= THE PROBLEM =
Would you return the data below exactly as it stands, with every picture left out?

= INFORMATION SHOWN =
-.-.-

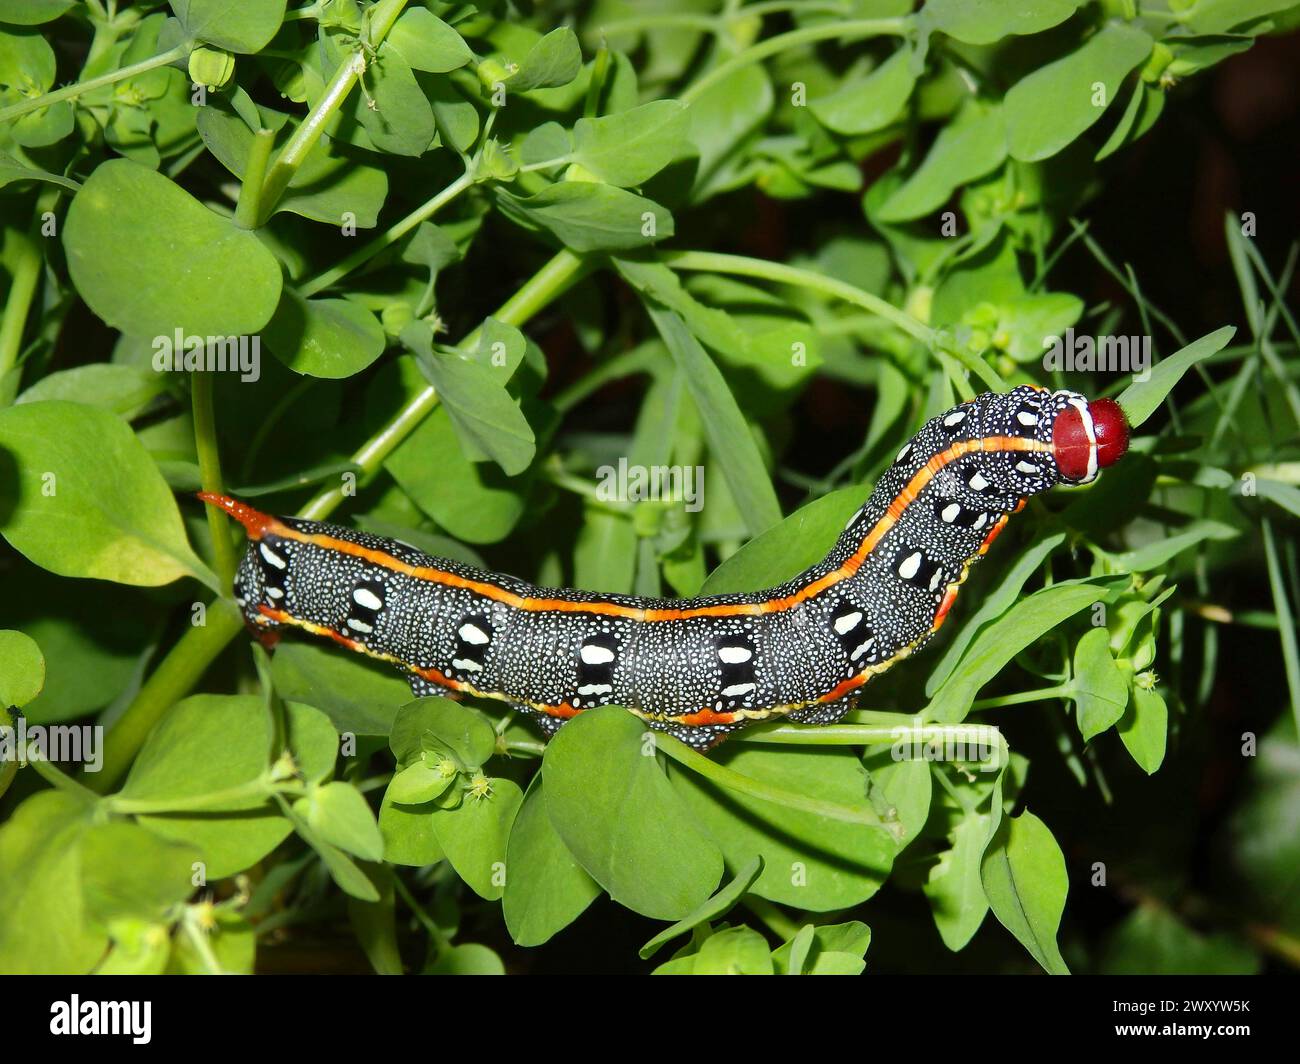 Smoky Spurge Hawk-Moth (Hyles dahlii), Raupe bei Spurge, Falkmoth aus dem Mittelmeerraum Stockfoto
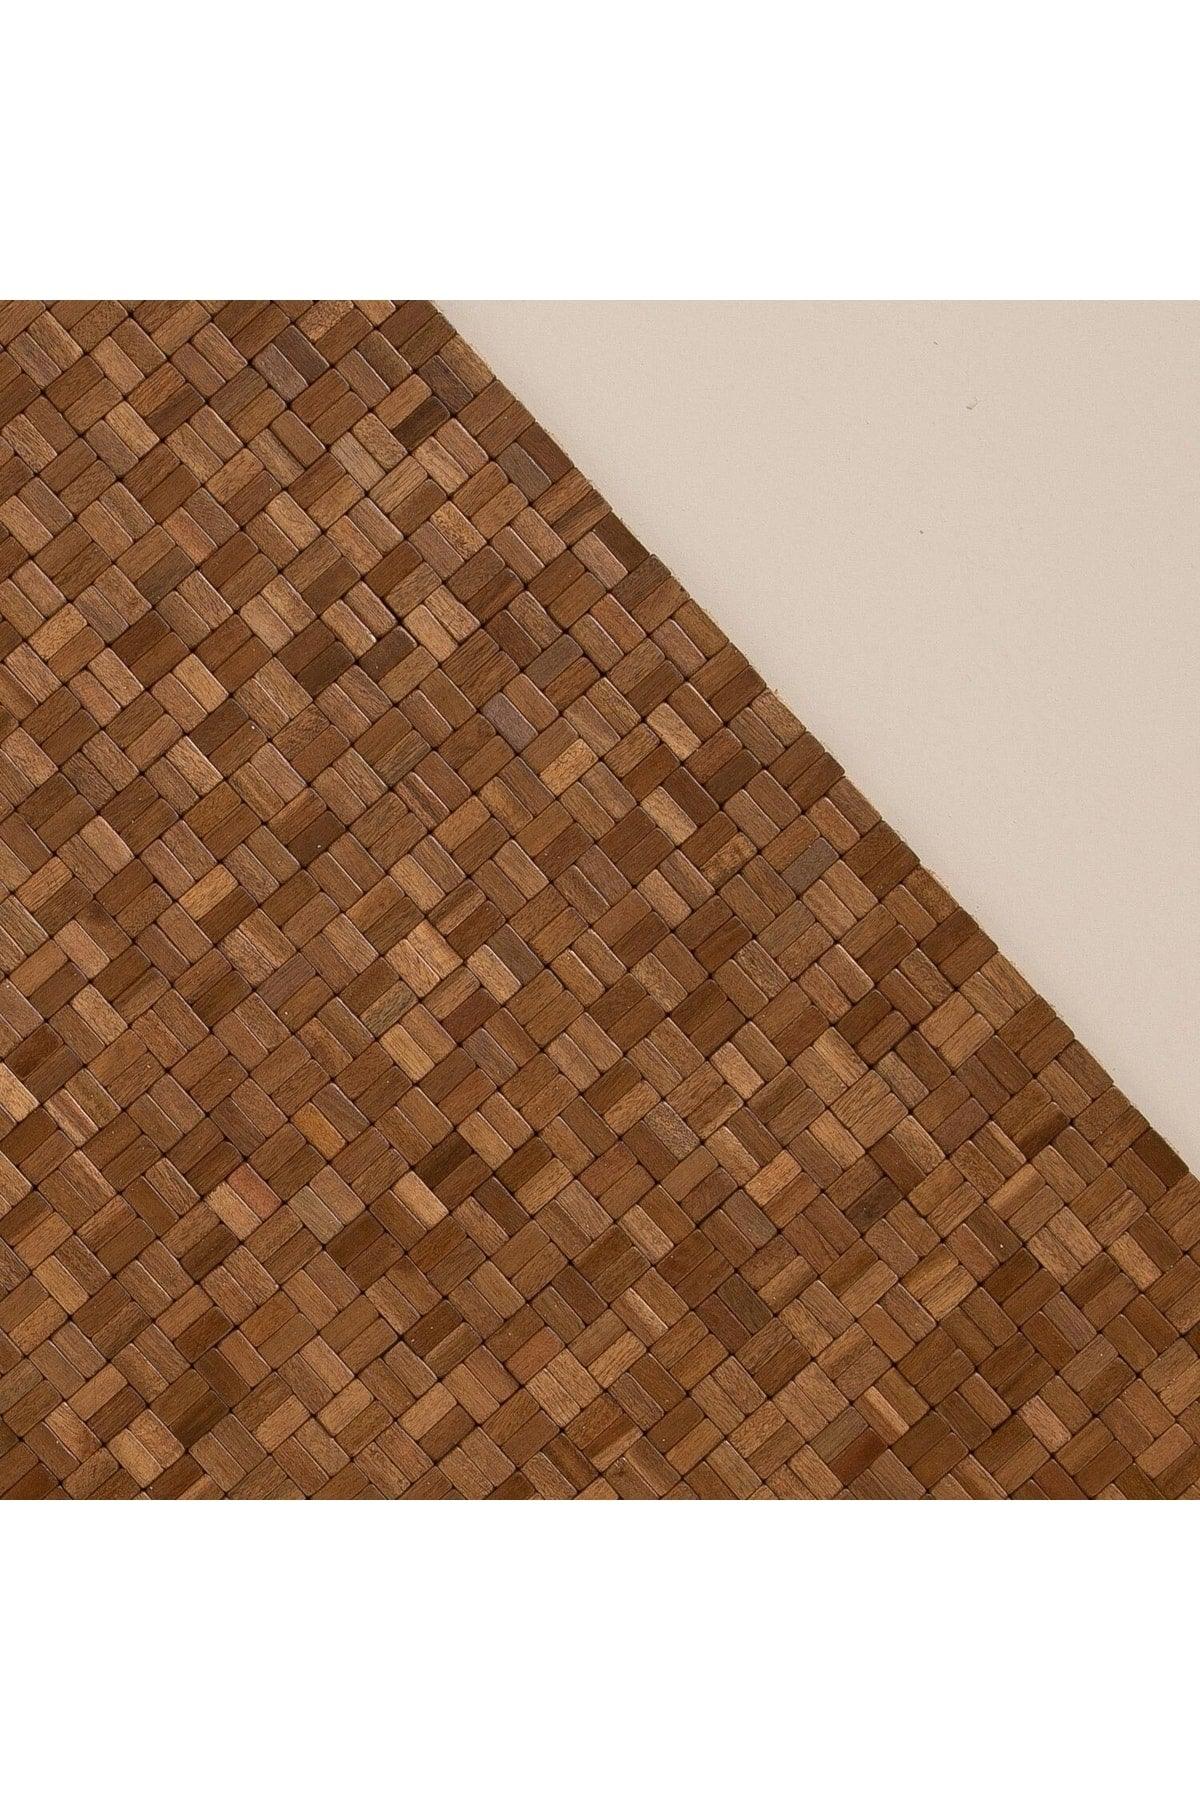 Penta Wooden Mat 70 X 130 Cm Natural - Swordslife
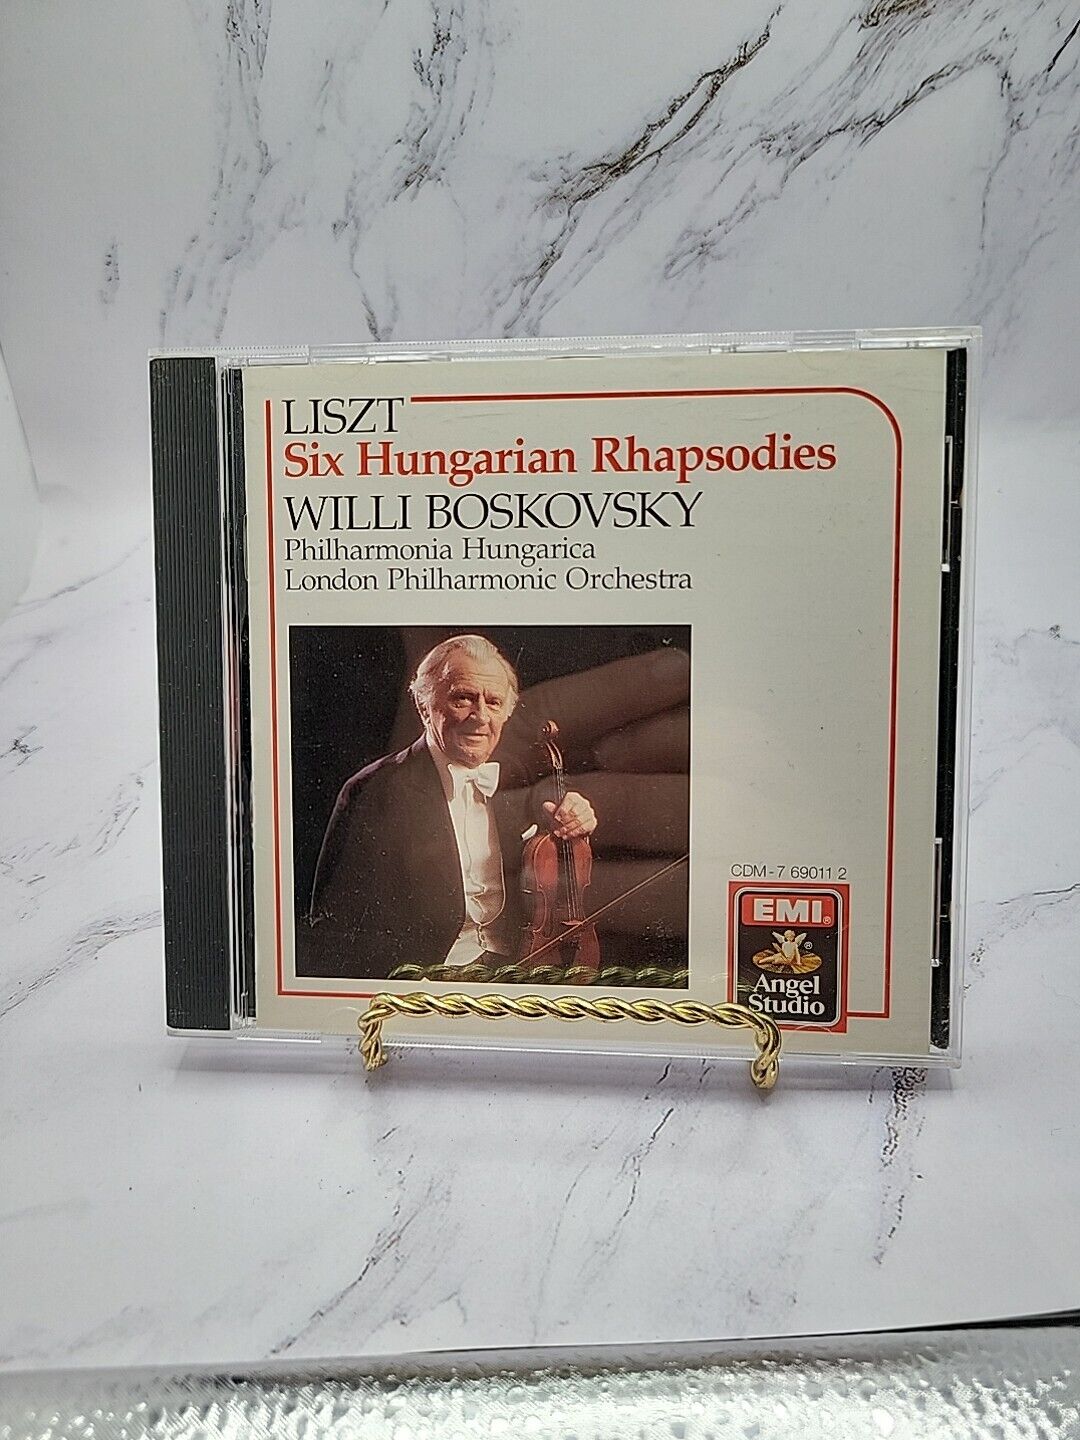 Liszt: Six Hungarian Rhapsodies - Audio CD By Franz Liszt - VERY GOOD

-.-.-

= TASK SOLUTION =
 Smoky Spurge Hawk-Moth (Hyles dahlii), Raupe bei Spurge, Falkmoth aus dem Mittelmeerraum Stockfoto
 Penta Wooden Mat 70 X 130 Cm Natural - Swordslife
 Liszt: Six Hungarian Rhapsodies - Audio CD By Franz Liszt - VERY GOOD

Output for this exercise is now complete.